→ DATA EXCERPT
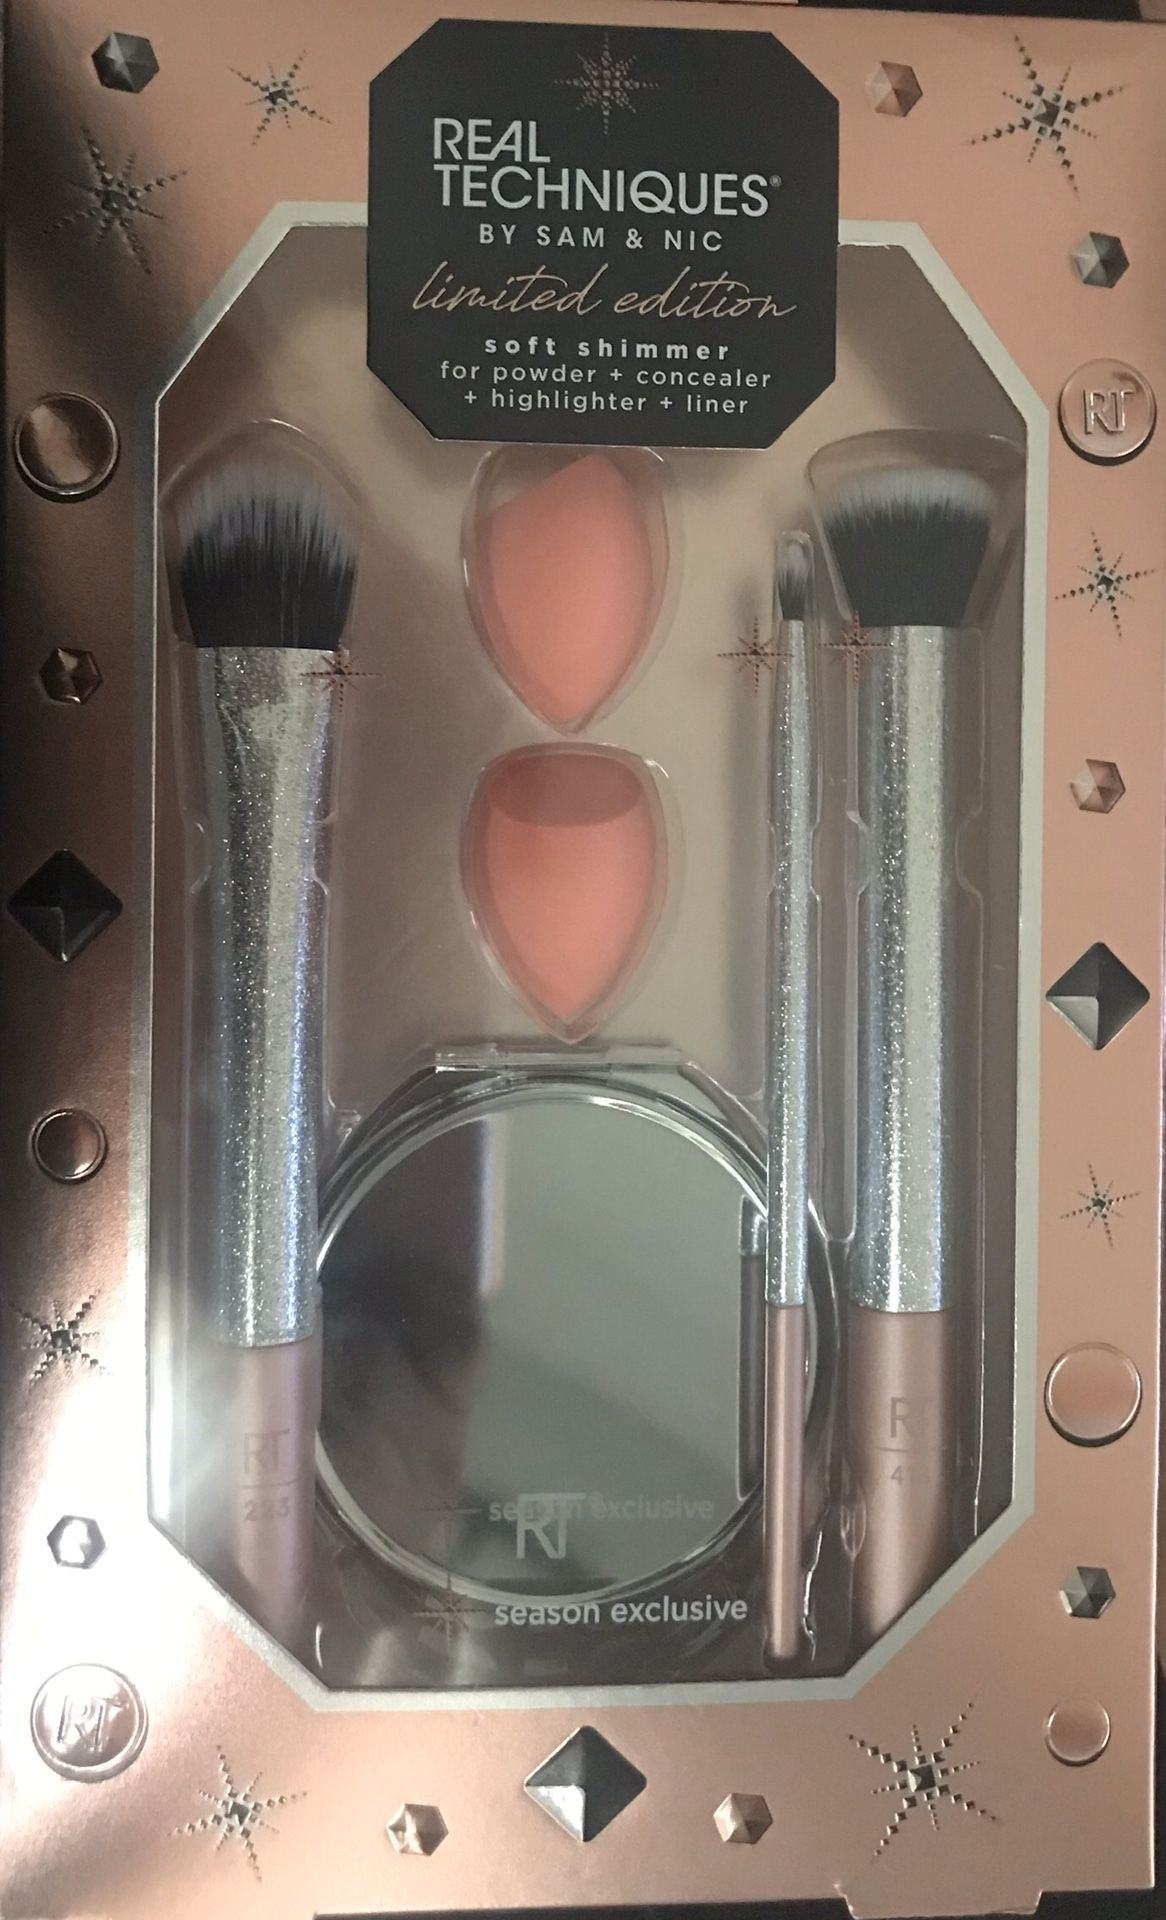 Real techniques makeup brush set
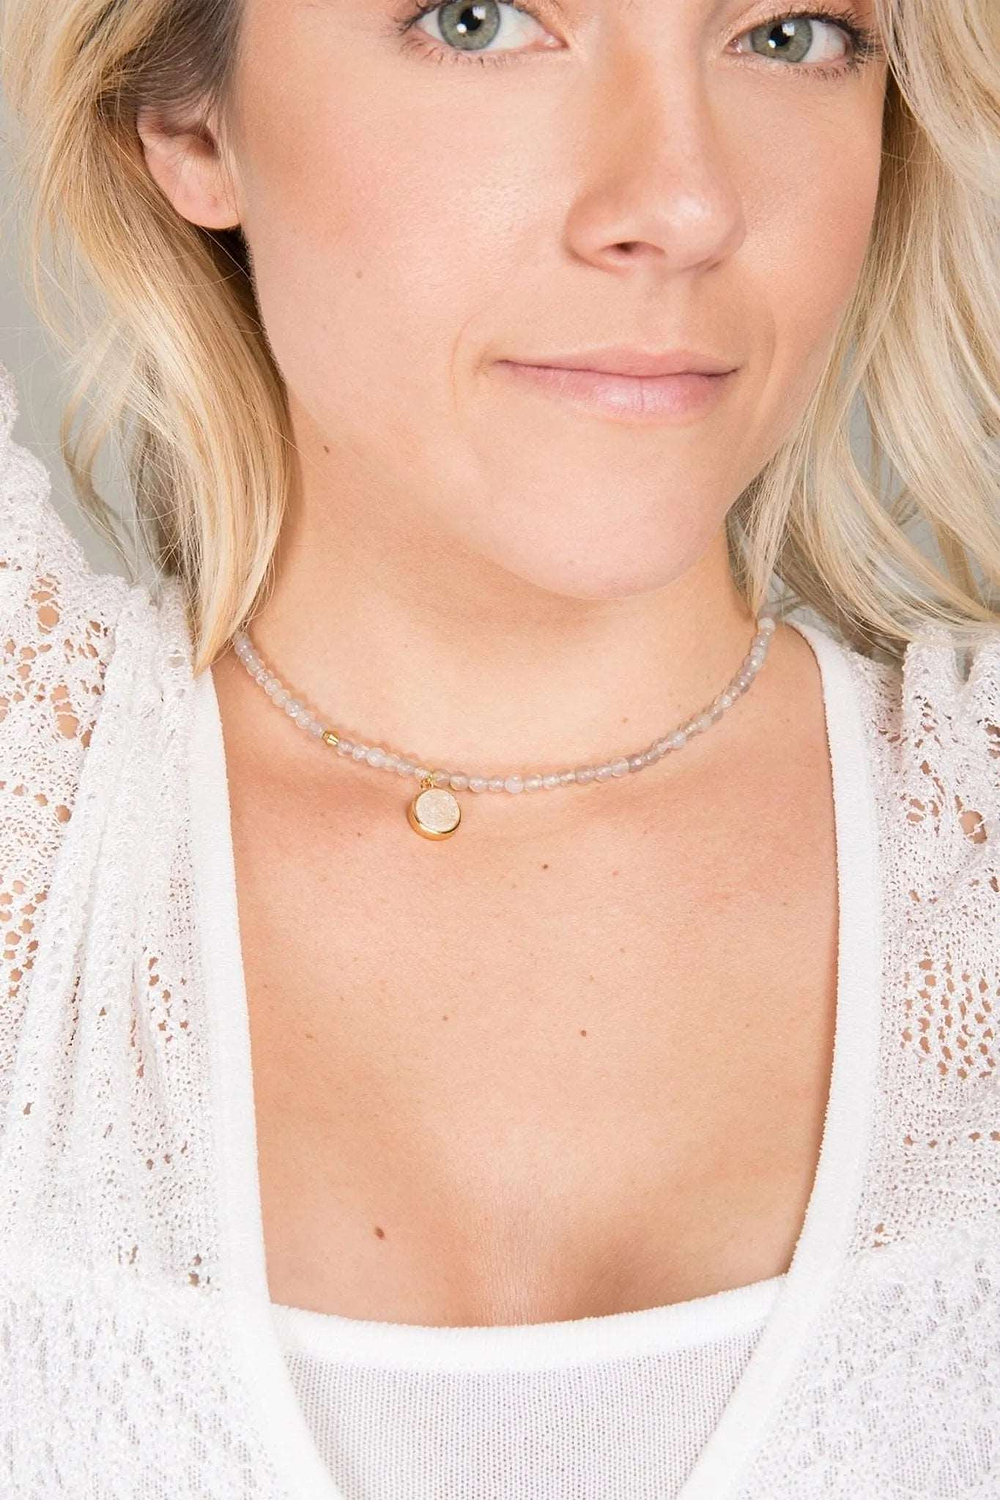 Agate Gemstone Beads Necklace with Druzy Pendant Papaya Whip
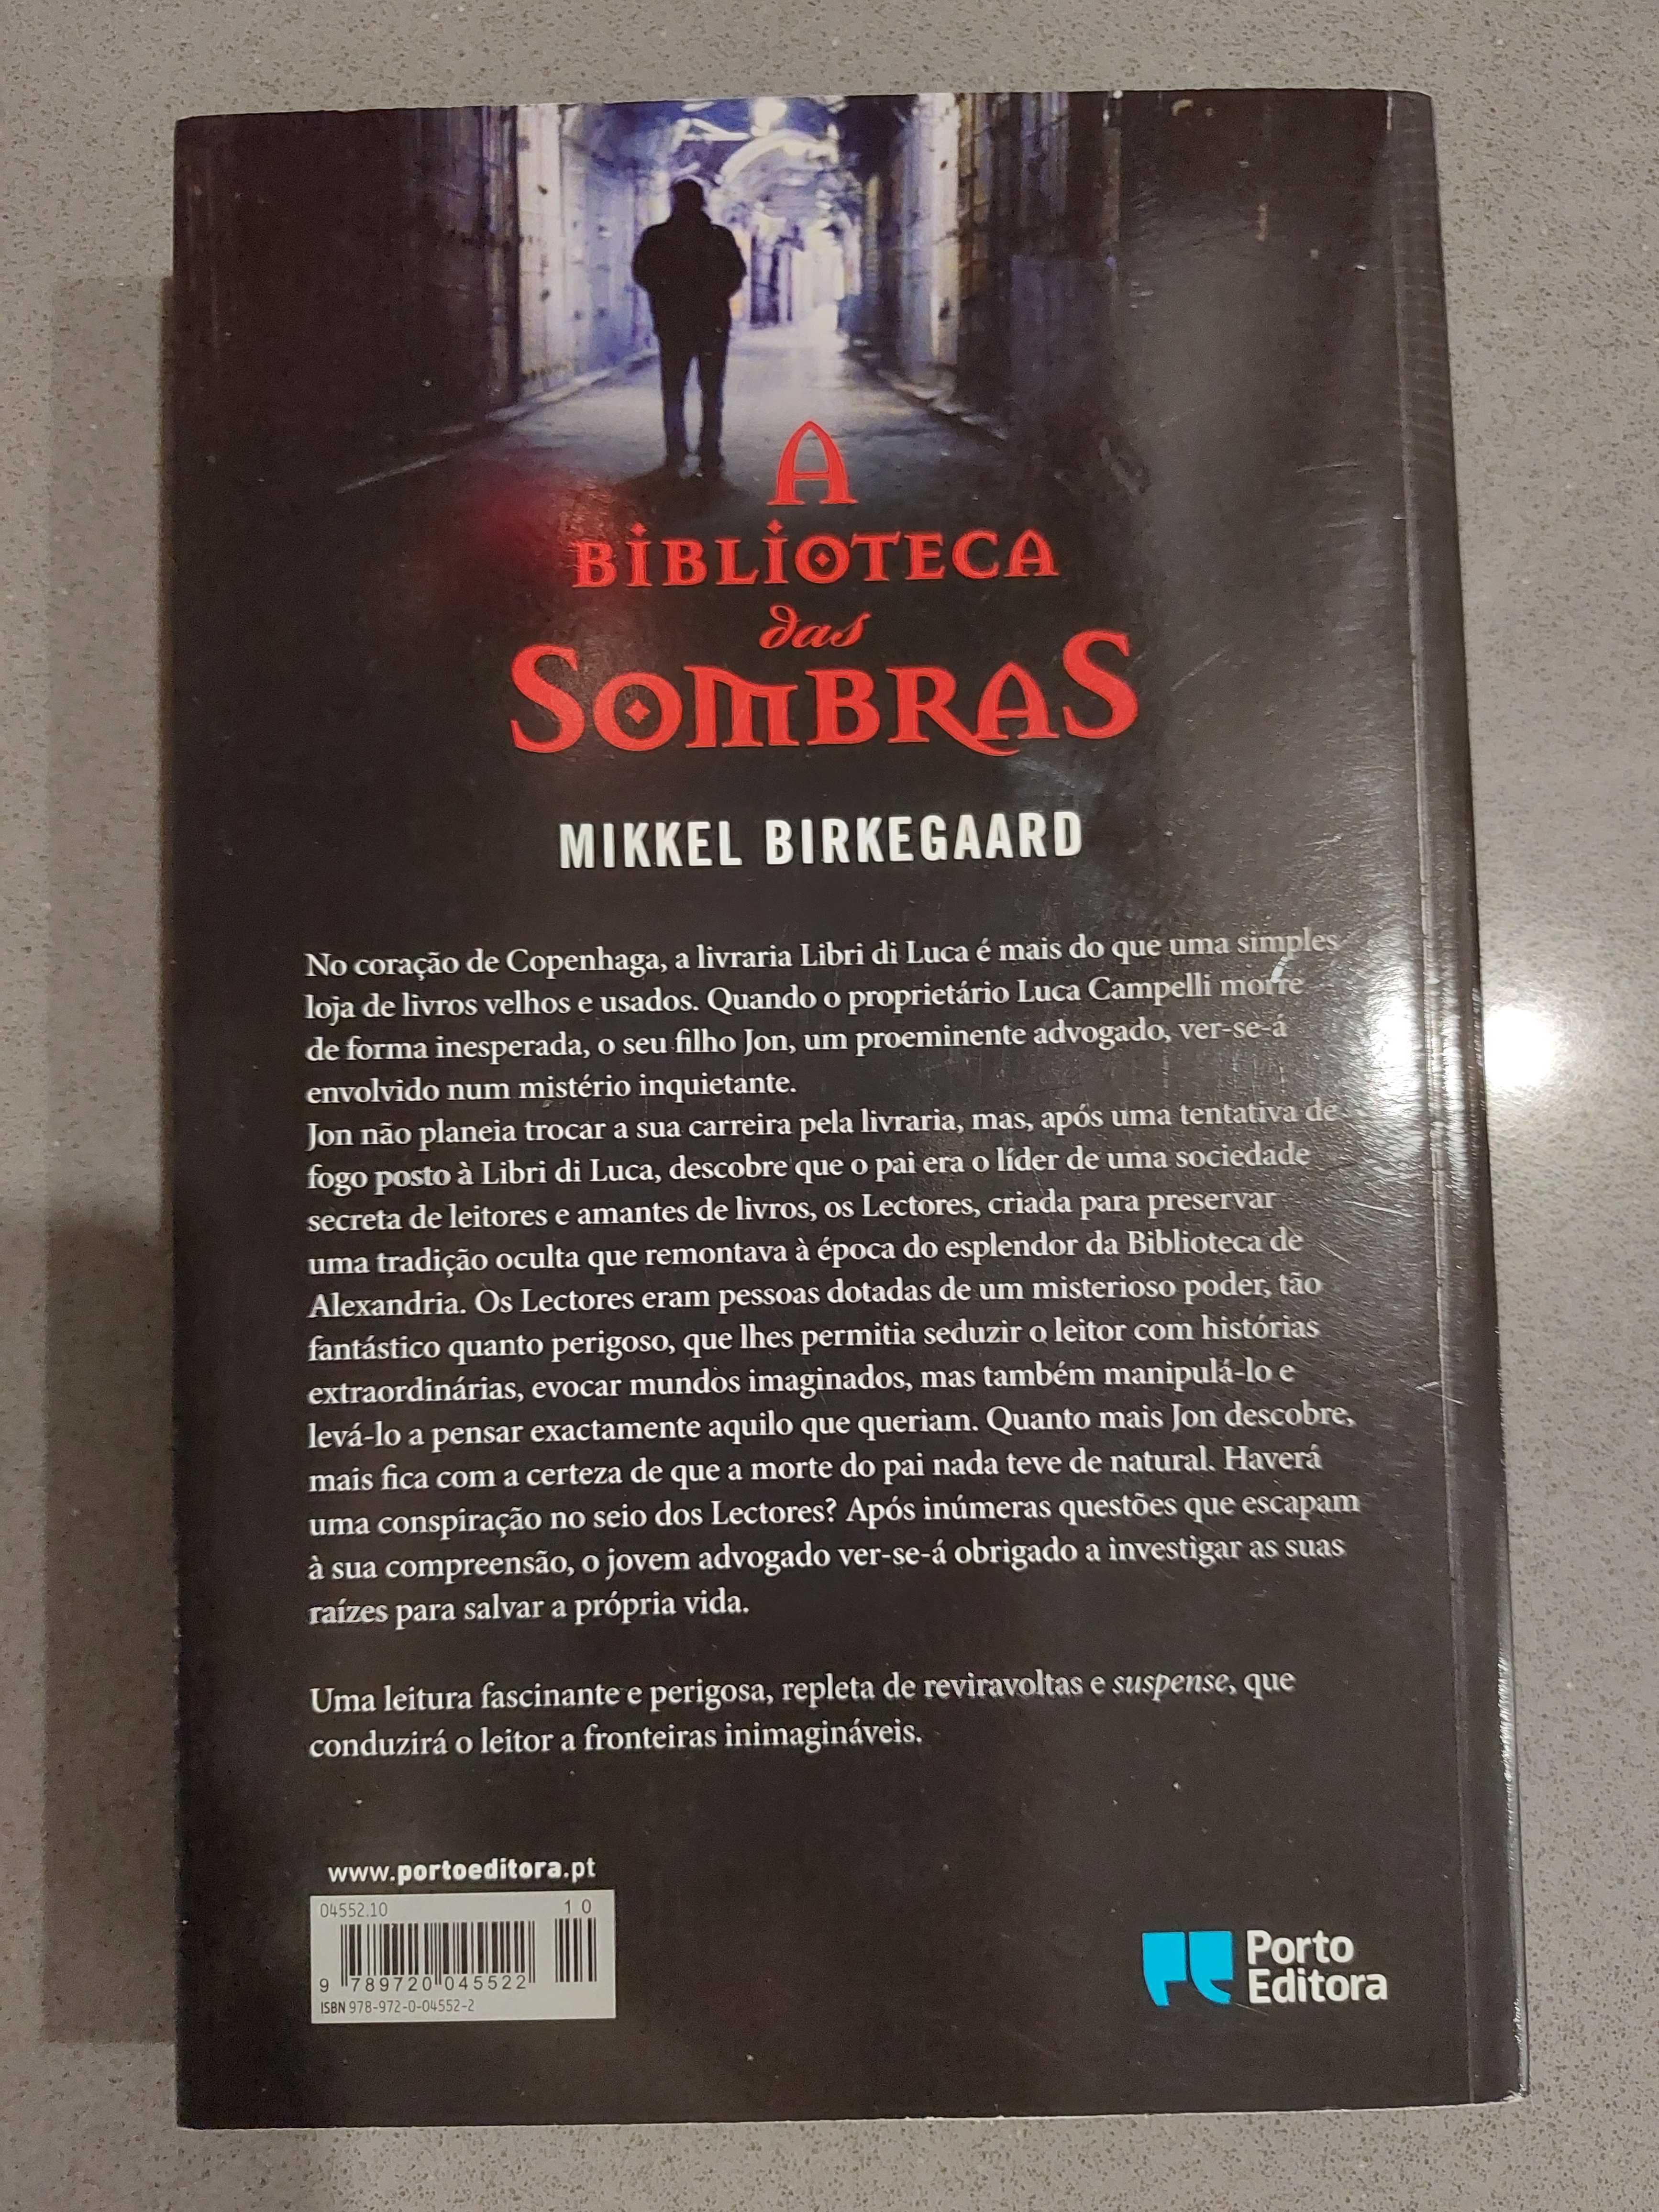 Mikkel Birkegaard - A Biblioteca das Sombras (PORTES GRATIS)
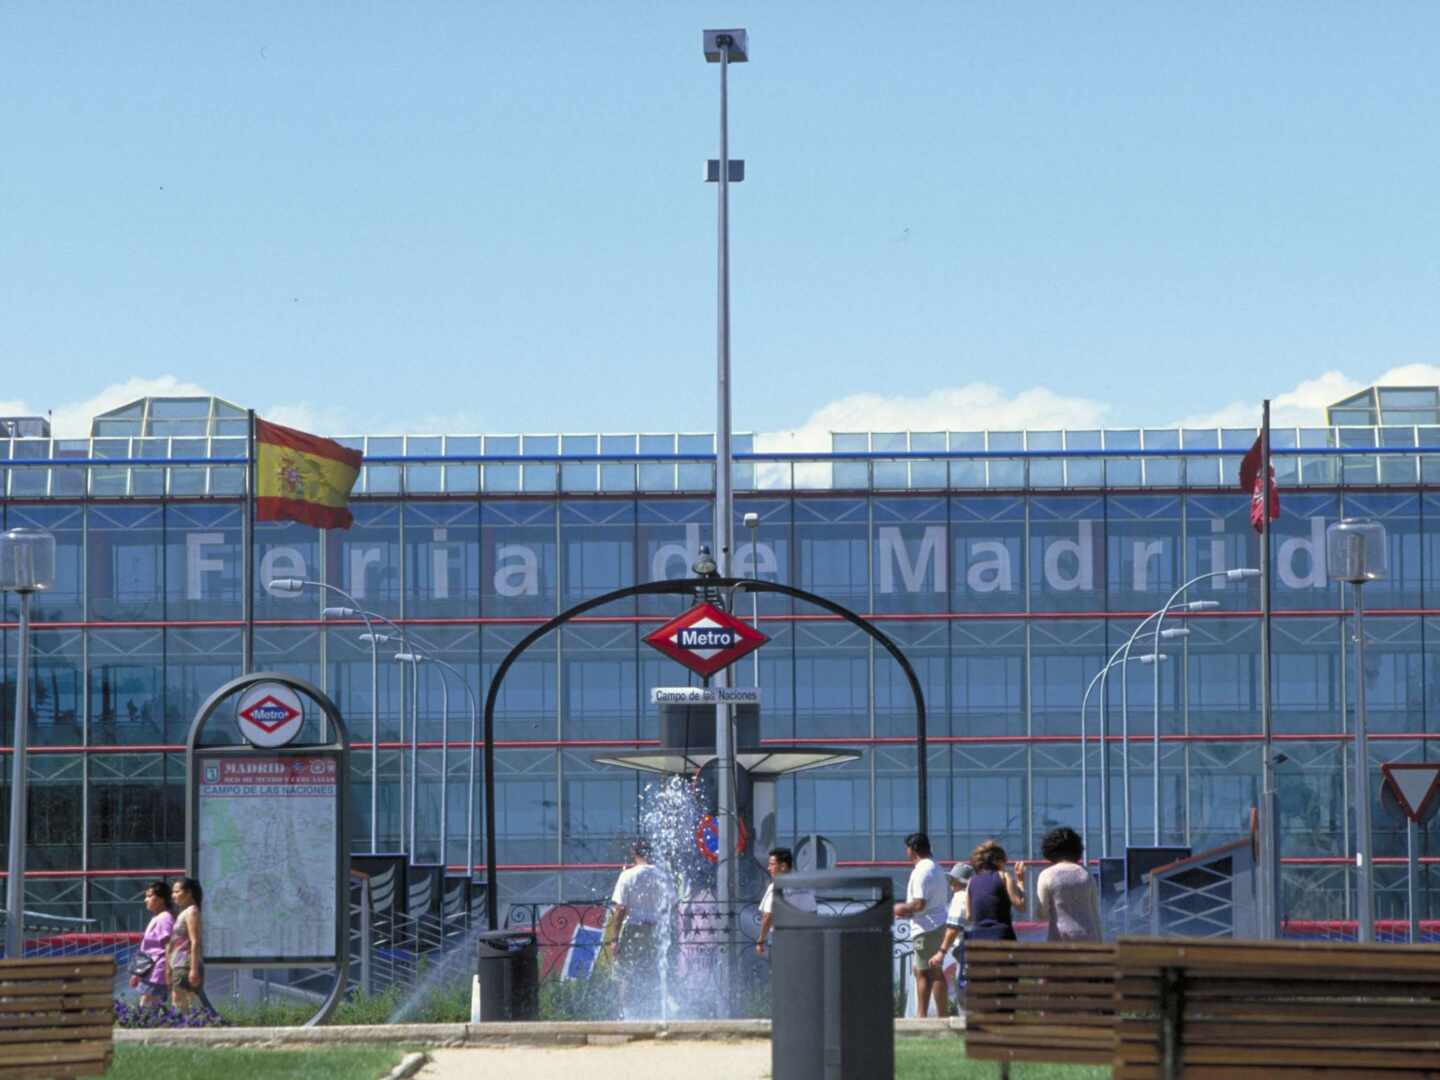 Entrada principal de la Feria de Madrid (Ifema).

→ EXERCISE DIRECTIONS
What is needed is the data above, retyped exactly, with every picture left out.

→ EXERCISE RESPONSE
 Real techniques makeup brush set
 Agate Gemstone Beads Necklace with Druzy Pendant Papaya Whip
 Mikkel Birkegaard - A Biblioteca das Sombras (PORTES GRATIS)
 Entrada principal de la Feria de Madrid (Ifema).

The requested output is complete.